2010年09月15日(水) 14時30分
「小児科医林隆博氏の心のカルテ」には、親の育児姿勢には連続性と一貫性が大切ということが書いてあります。

『女子大生がヤバイ!』という小沢章友氏著新潮新書2009年6月出版の本があります。この本では、小沢氏の小説創作の講座で学生が書いた作品を紹介しています。その中に、「母へのしこり」という題名で書かれた作品があり、「親の育児姿勢の連続性と一貫性」に関連していると思うのでご紹介します。

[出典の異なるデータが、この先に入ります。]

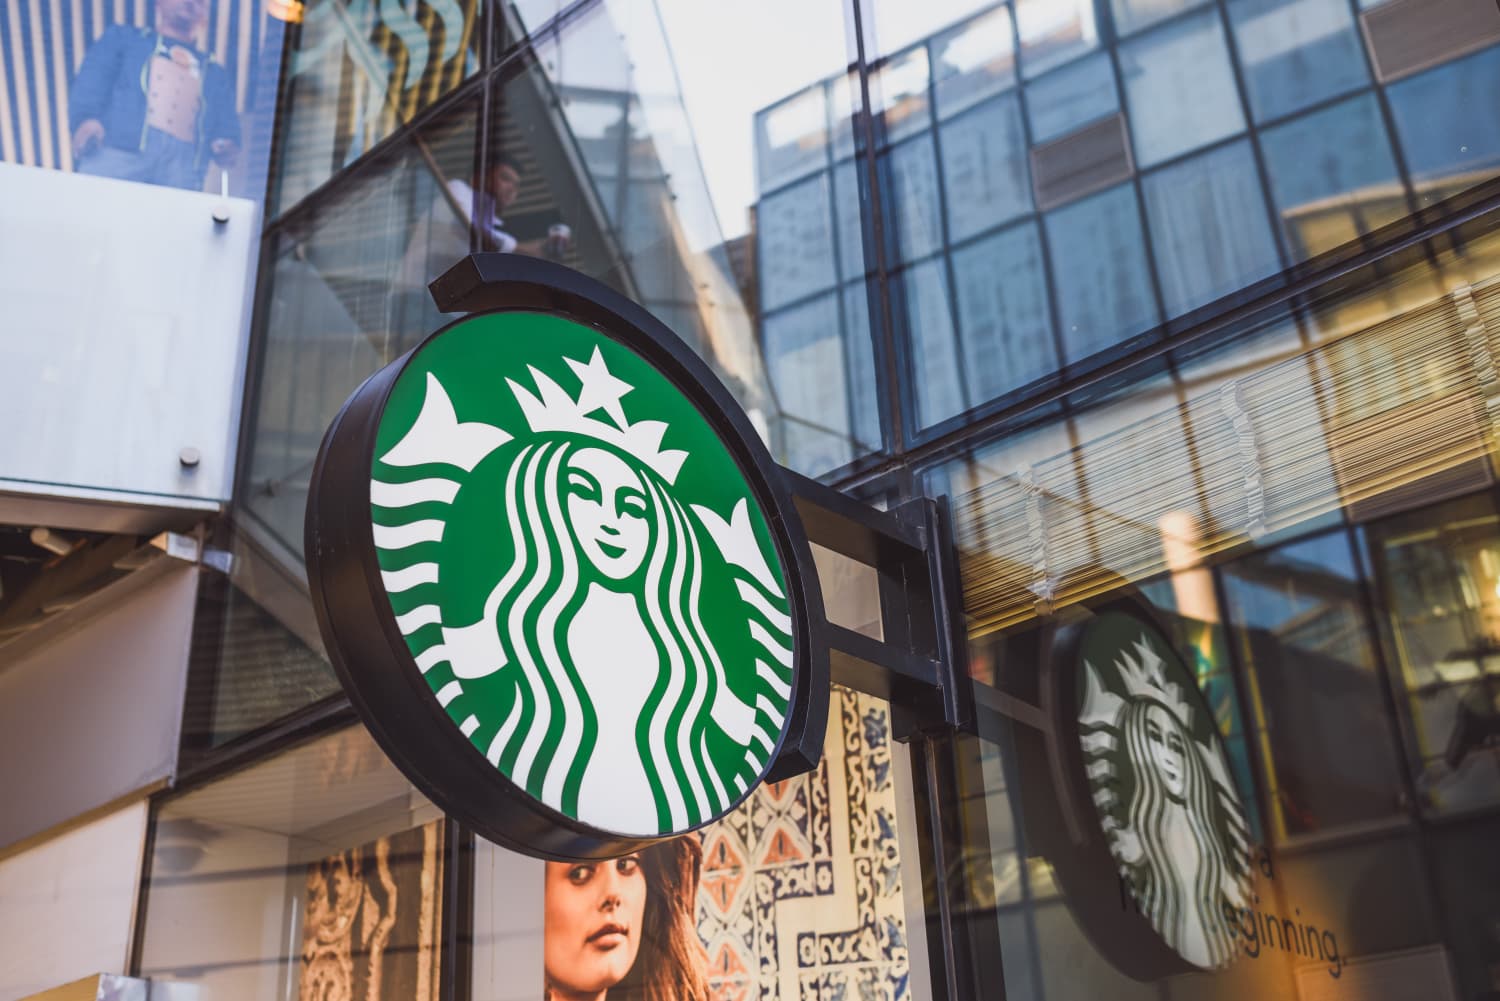 One Starbucks Barista Reveals the Worst Drinks He’s Ever Made

「 捨てて来なさい。母の言葉は冷たかった。小学校1年の私は、学校帰り、猫たちと暮らしていたおじいさんから、1匹の猫をもらったのだ。金色と青色のすてきな目をした白い猫だった。猫を手放したくない私は、捨てて来いという母を憎んだ。けれど、さからえなかった。近所の茶畑に行き、猫を放した。私になついてしまった猫は、ふた色の目で私をじっと見つめ、なかなかどこかへ行ってくれなかった。私はこらえきれず泣いた。そして、心の中で猫にあやまり、うがあ!と犬が吠えるように叫んだ。猫はびっくりしたように茶畑の奥に消えてしまった。家に帰って、捨てて来たという私に、母はそうと返しただけだった。あれから12年が過ぎて、私は18歳になった。この間に、わが家では犬を飼いはじめた。あの白い猫とは正反対の、黒い犬だ。母は、私がつけた名前を気に入り、食事を与えながら、頭を撫(な)でている。それならどうして、あの猫を捨てなければならなかったのか。しかし、母に向って、それを言ったことはない。ただ、ときおり猫の鳴き声を耳にすると、胸がかすかに痛む。金色と青色のあの目がじっと私を見つめているようで。」

(以下は、著者の言葉です)
「 12年前の、母への‘しこり’。娘のなかには、まだそれは息づいている。といっても、娘は母を、とりわけうらんでいるわけではない。ひどく憎んでもいない。べつに強い感情を抱いているわけではないのだ。にもかかわらず、‘しこり’はある。なくなったようで、あるのだ。・・・12年前に猫を捨てさせた母の気持ちをいまだに受け入れてはいない。母に対する‘しこり’として、彼女の胸の中に、いつまでも残っていくだろう。」
 
この出来事は、この子の人生において1回だけの事であったけれども、大学生のこの子の心の中に残っています。
 もしも普段、親が何度もころころ態度を変え、子どもが親の気持ちが理解できない事が何度もあったら、子どもはどれを基盤として行動したらよいのか分からなくなるでしょう。また、容易に心の病気になってしまいそうです。親というものは、自分の気分で子どもをしかったりしからなかったりしてはいけない。同じ出来事に対しては、同じ考えのもとに同じ行動をとるという姿勢が大切ということがわかりますね。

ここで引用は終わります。